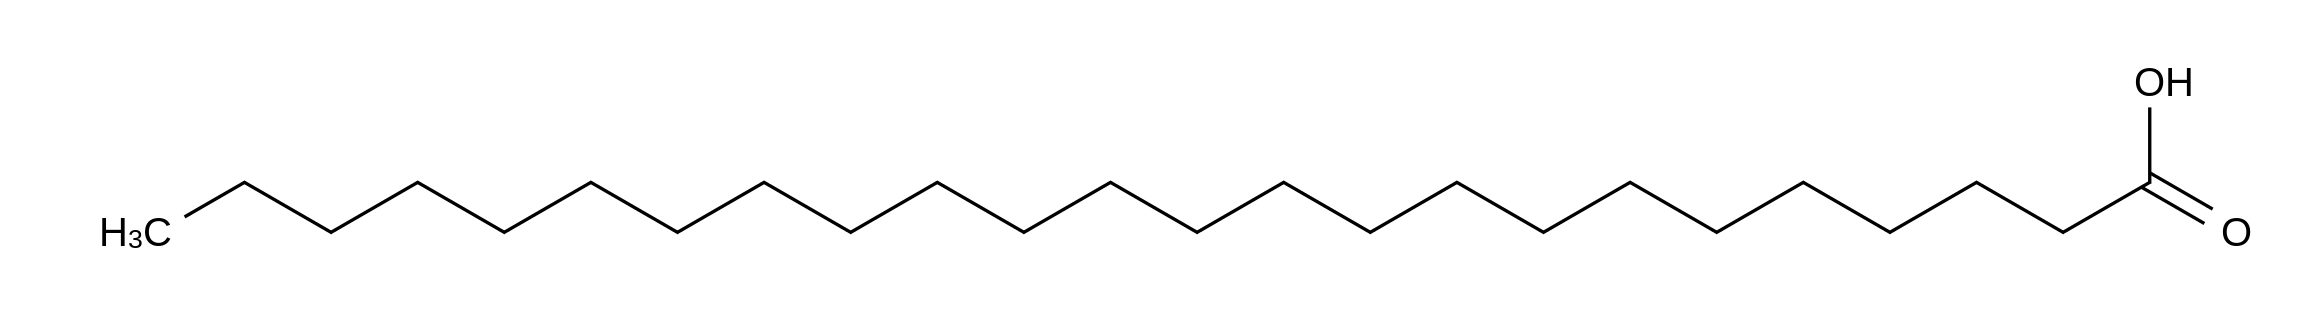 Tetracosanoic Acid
+ + + + + + +
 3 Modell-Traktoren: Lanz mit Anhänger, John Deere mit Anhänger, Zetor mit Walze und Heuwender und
+ + + + + + +
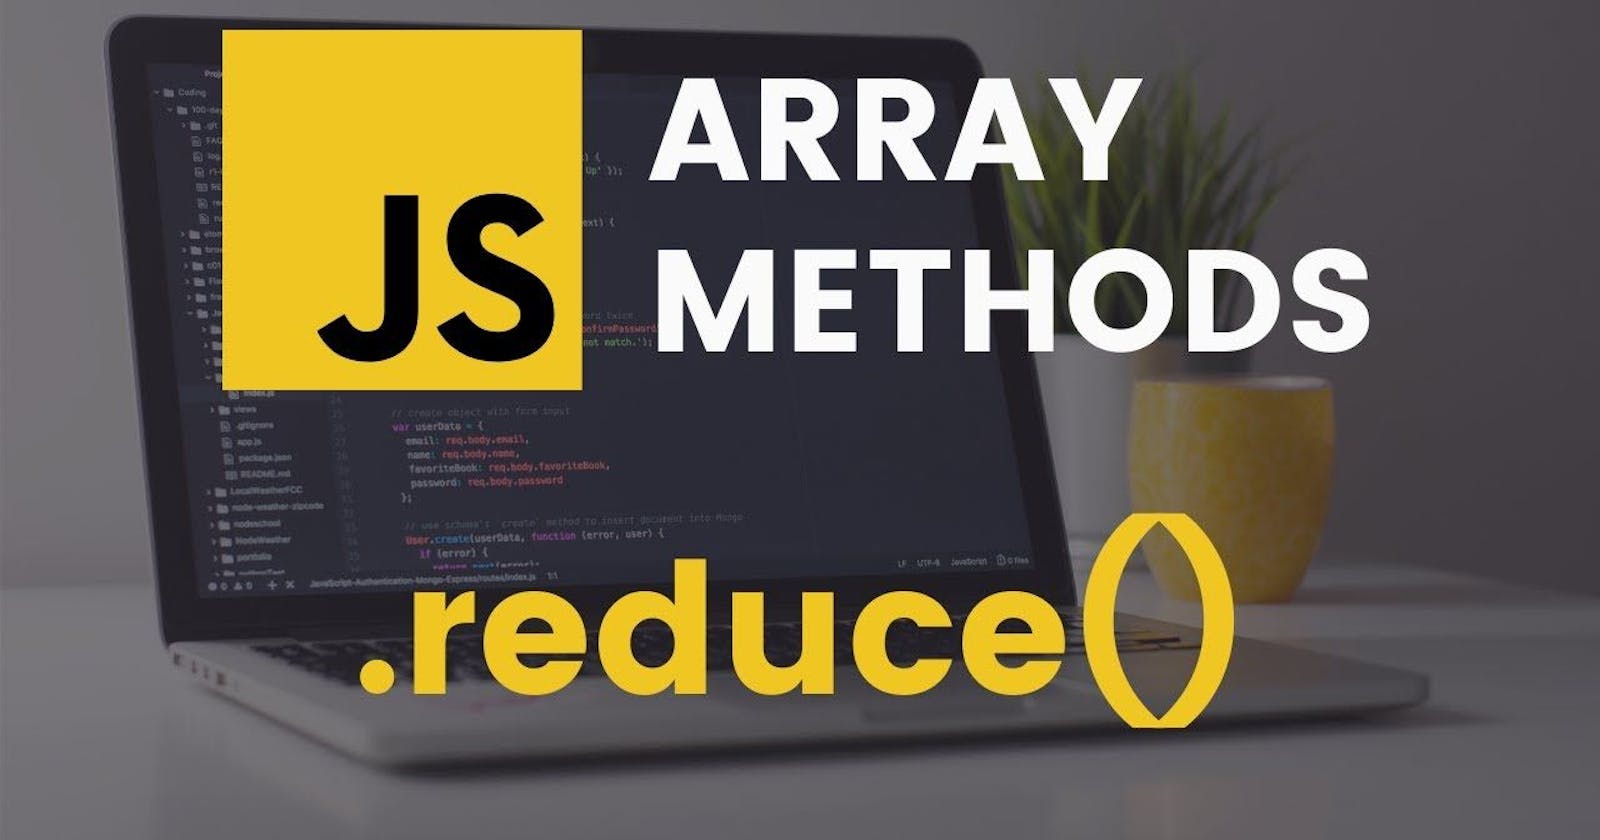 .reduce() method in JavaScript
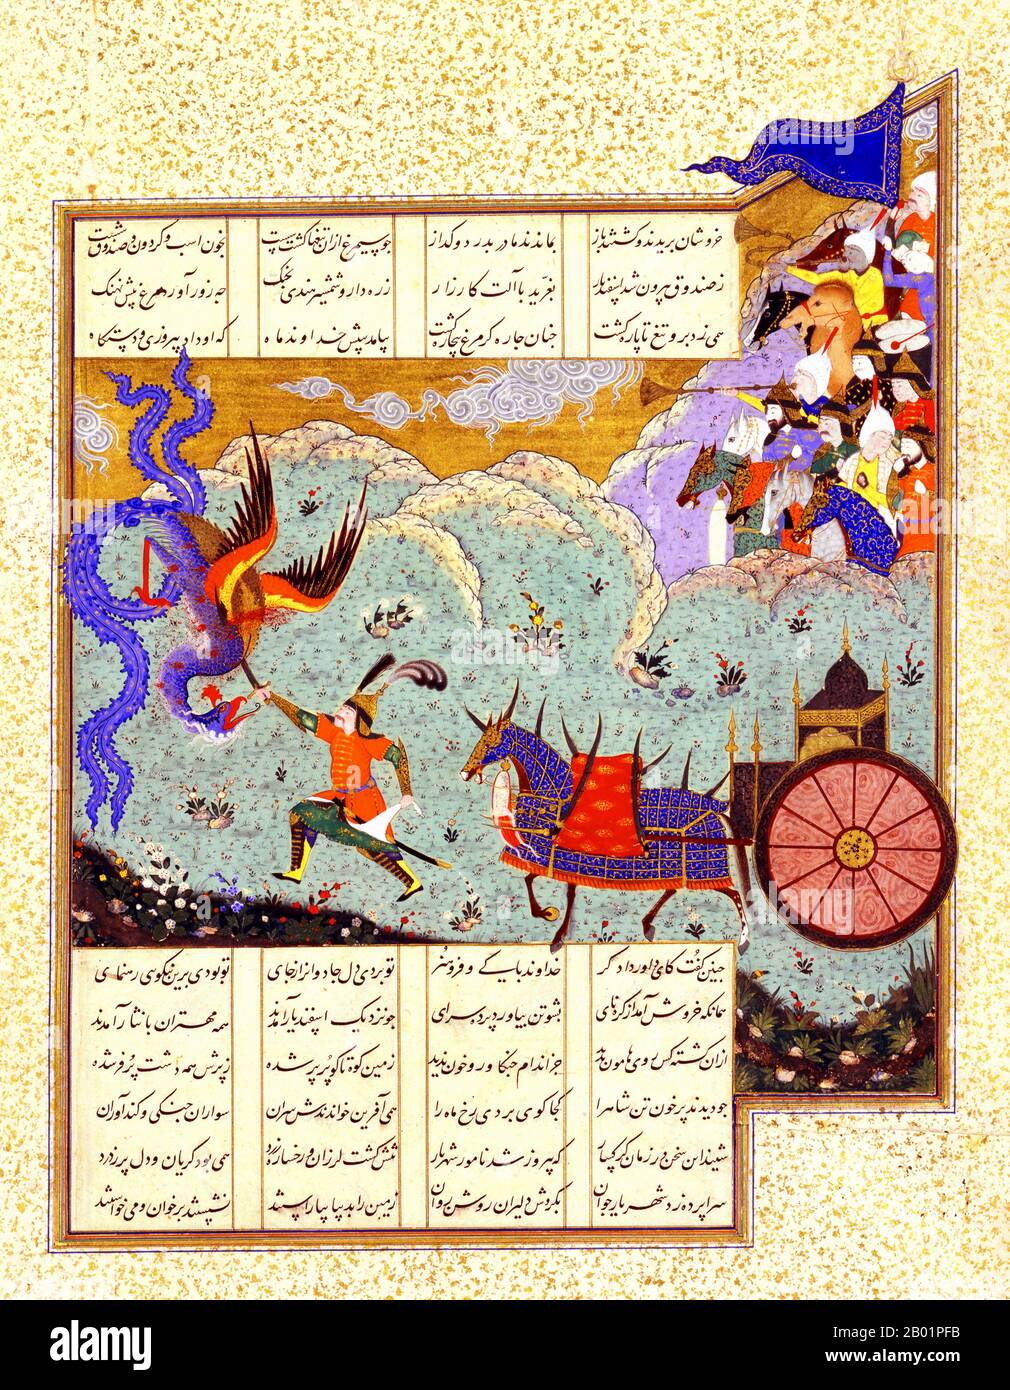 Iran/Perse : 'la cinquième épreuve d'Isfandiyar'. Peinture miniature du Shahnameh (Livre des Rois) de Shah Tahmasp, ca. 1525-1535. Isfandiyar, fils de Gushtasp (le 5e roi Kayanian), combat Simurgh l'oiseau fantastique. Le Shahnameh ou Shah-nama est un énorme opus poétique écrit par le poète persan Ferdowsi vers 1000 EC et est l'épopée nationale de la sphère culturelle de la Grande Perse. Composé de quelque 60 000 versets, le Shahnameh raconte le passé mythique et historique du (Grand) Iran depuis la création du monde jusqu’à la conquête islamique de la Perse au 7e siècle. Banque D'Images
+ + + + + + +
**ABOUT THIS EXERCISE**.
In the listing above, find the line containing "method in JavaScript" and the line containing "Iran/Perse : 'la". Print those two lines and every line between them exactly, with no pictures.

**RESPONSE**.
 .reduce() method in JavaScript
 Iran/Perse : 'la cinquième épreuve d'Isfandiyar'. Peinture miniature du Shahnameh (Livre des Rois) de Shah Tahmasp, ca. 1525-1535. Isfandiyar, fils de Gushtasp (le 5e roi Kayanian), combat Simurgh l'oiseau fantastique. Le Shahnameh ou Shah-nama est un énorme opus poétique écrit par le poète persan Ferdowsi vers 1000 EC et est l'épopée nationale de la sphère culturelle de la Grande Perse. Composé de quelque 60 000 versets, le Shahnameh raconte le passé mythique et historique du (Grand) Iran depuis la création du monde jusqu’à la conquête islamique de la Perse au 7e siècle. Banque D'Images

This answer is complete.